== Exercise data ==

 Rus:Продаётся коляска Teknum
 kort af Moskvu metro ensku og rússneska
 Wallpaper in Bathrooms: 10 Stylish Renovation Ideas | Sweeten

===
== Exercise data ==

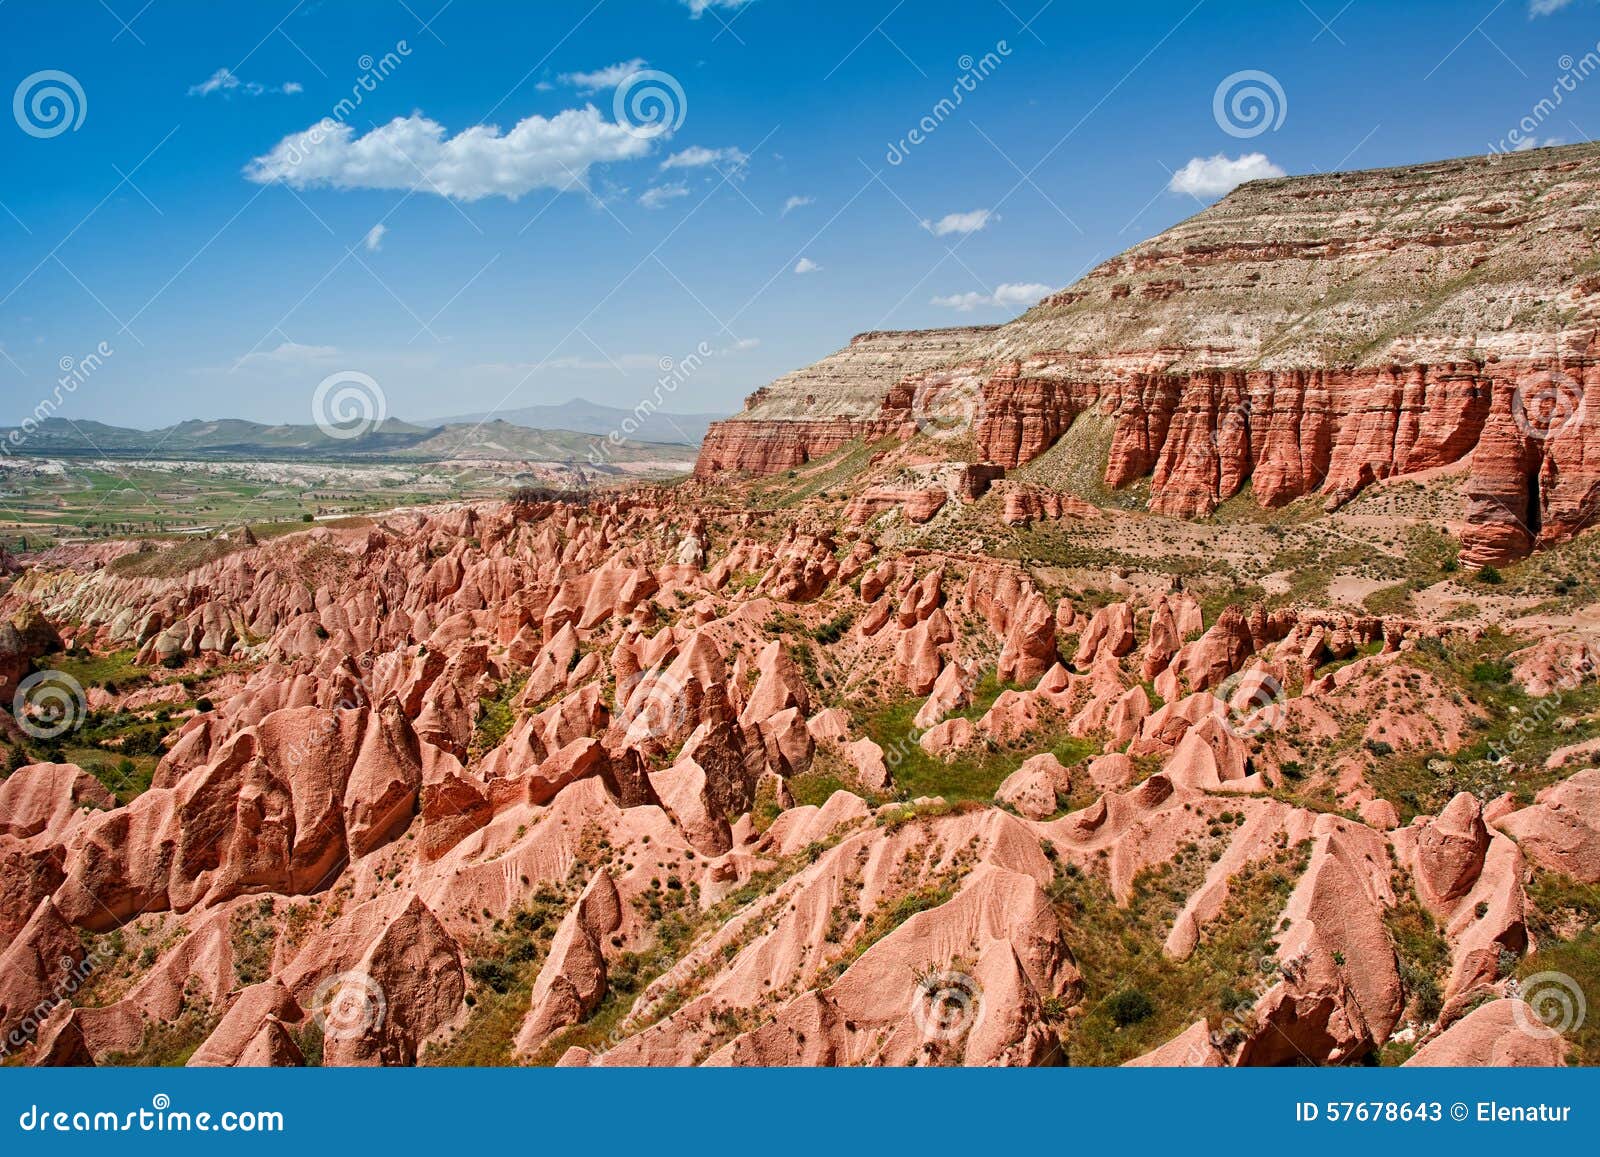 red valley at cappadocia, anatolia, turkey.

===

§ Task details:
Everything above from the line containing "Rus:Продаётся коляска Teknum" down to the line containing "Wallpaper in Bathrooms: 10" should be copied exactly, both end lines included, and nothing else.

§ Answer area:
 Rus:Продаётся коляска Teknum
 kort af Moskvu metro ensku og rússneska
 Wallpaper in Bathrooms: 10 Stylish Renovation Ideas | Sweeten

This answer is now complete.